Joseph teaches systems and methods for configuring a language model. (Joseph, Col. 3, lines 66-67). Regarding claim 1, Joseph teaches discarding, by said processor, a group of terms of said subset of terms determined not to enable said automated device from said deactivated state (“To save computational resources, the ASR engine 258 may prune and discard low recognition score states or paths {a group of terms} that have little likelihood of corresponding to the spoken utterance, either due to low recognition scores {determined not to enable said automated device}, or for other reasons,” where the states or paths correspond to different word recognition outcomes. Thus, as applied to the false wakewords rejection of Smith, Joseph discloses discarding possible recognitions (including false wakewords) when said possible recognitions have low recognition scores {determined not to enable said automated device} in practice; Joseph, Col. 15, lines 15-20). 
Newly cited reference Dagtas (U.S. Pat. No. 6,973,256, hereinafter Dagtas) teaches wherein said second analyzing comprises: analyzing closed caption metadata of said audio portion (“audio processor 270 may use text received from closed caption (CC) detector 260 to identify keywords in a video program. …CC text is typically inserted in the blanking interval at the end of line 21 of the video signal. CC detector 260 uses a time stamp associated with each line of CC data to identify a segment of the video program corresponding to the CC text. CC detector 260 transmits each line of CC text and the time stamp to audio processor 270. Audio processor 270 then compares the CC text words to selected keywords stored in keyword (KW) library 284. When a match occurs, audio processor 270 stores on hard disk drive 230 a keyword identifier associated with the corresponding segment of the stored video program identified by the time stamp.” Dagtas, Col. 6, lines 43-59).

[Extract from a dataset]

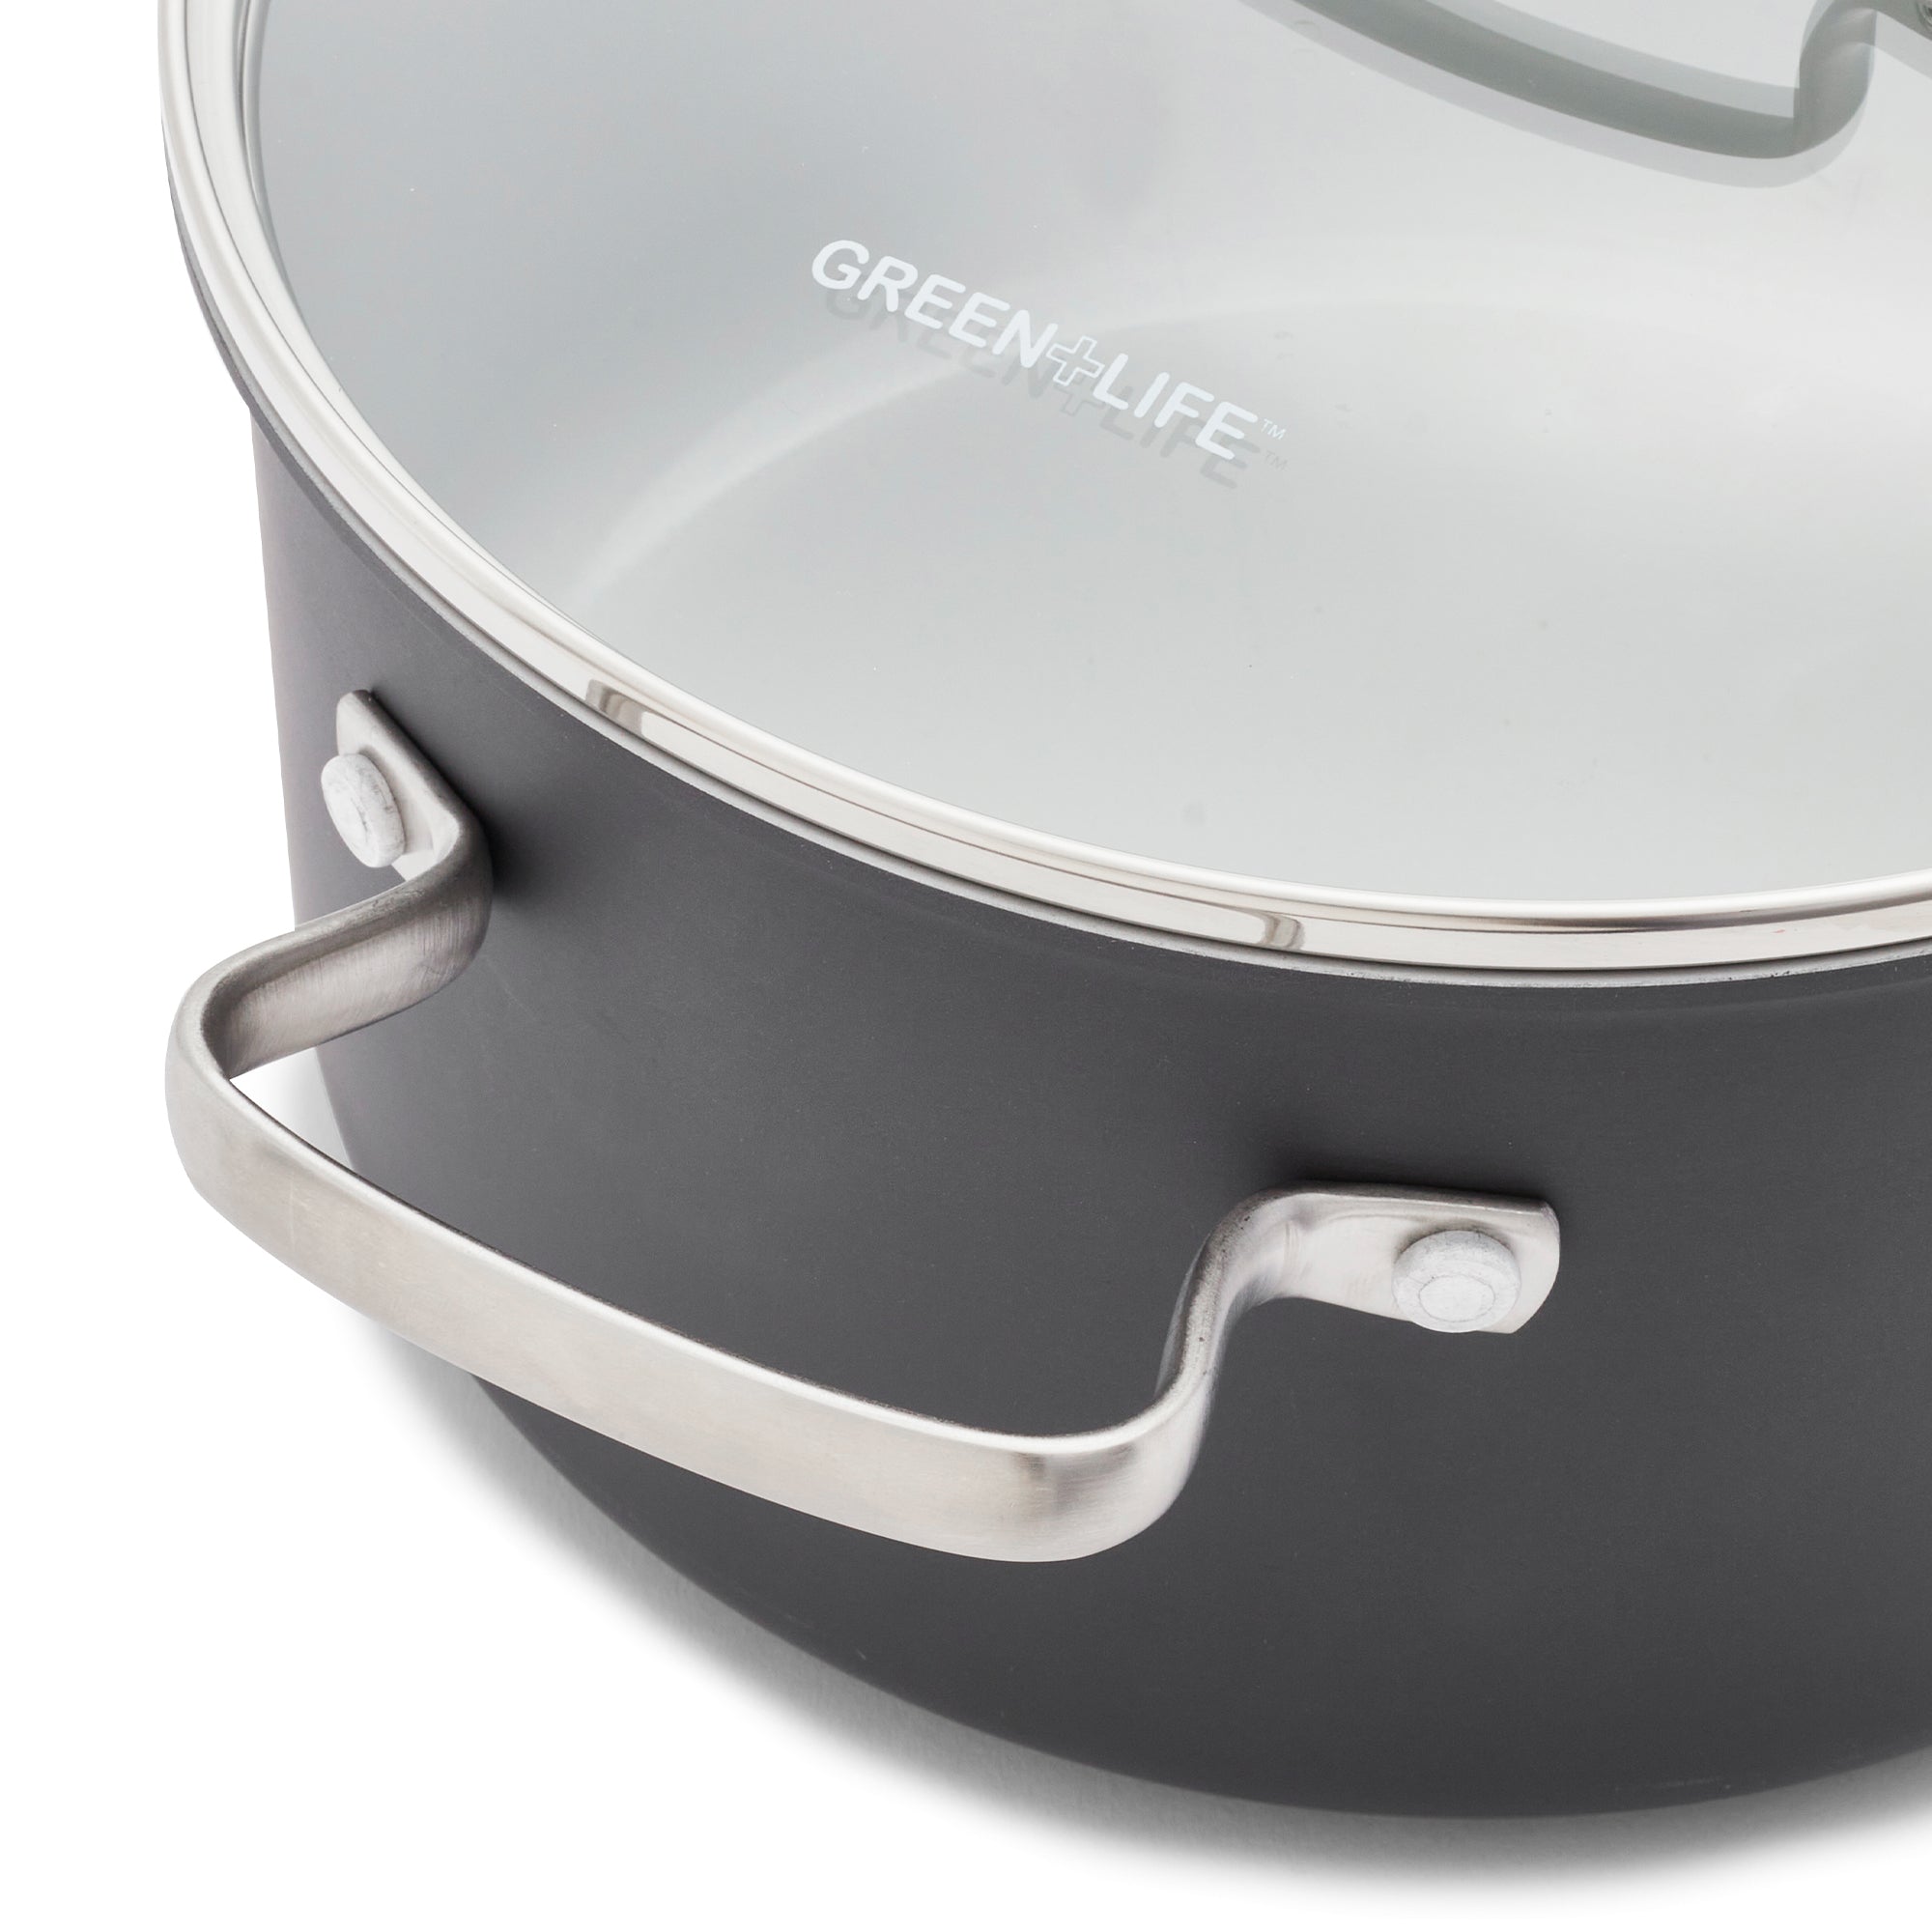 GreenLife Essentials 7-Piece Aluminum Cookware Set CC007864-001 - The Home  Depot

More specifically, the limitation of “wherein said flagging comprises adding to a temporal flag list, detected audio, of said multimedia file, determined to cause said automated device to be inadvertently enabled from said deactivated state… [and] wherein said discarding comprises adding said group of terms to a specialized discarded term structure” as recited in amended claims 1, 10, and 18, is not taught by the prior art of record.
Claims 2, 4-9, 11-17, and 19-20 are allowable at least in light of their dependence from independent claims 1, 10, and 18.
Any comments considered necessary by applicant must be submitted no later than the payment of the issue fee and, to avoid processing delays, should preferably accompany the issue fee.  Such submissions should be clearly labeled “Comments on Statement of Reasons for Allowance.”

Conclusion
Any inquiry concerning this communication or earlier communications from the examiner should be directed to Sean E. Serraguard whose telephone number is (313)446-6627. The examiner can normally be reached 07:00-17:00 M-F.
Examiner interviews are available via telephone, in-person, and video conferencing using a USPTO supplied web-based collaboration tool. To schedule an interview, applicant is encouraged to use the USPTO Automated Interview Request (AIR) at http://www.uspto.gov/interviewpractice.
If attempts to reach the examiner by telephone are unsuccessful, the examiner’s supervisor, Daniel C. Washburn can be reached on (571) 272-5551. The fax phone number for the organization where this application or proceeding is assigned is 571-273-8300.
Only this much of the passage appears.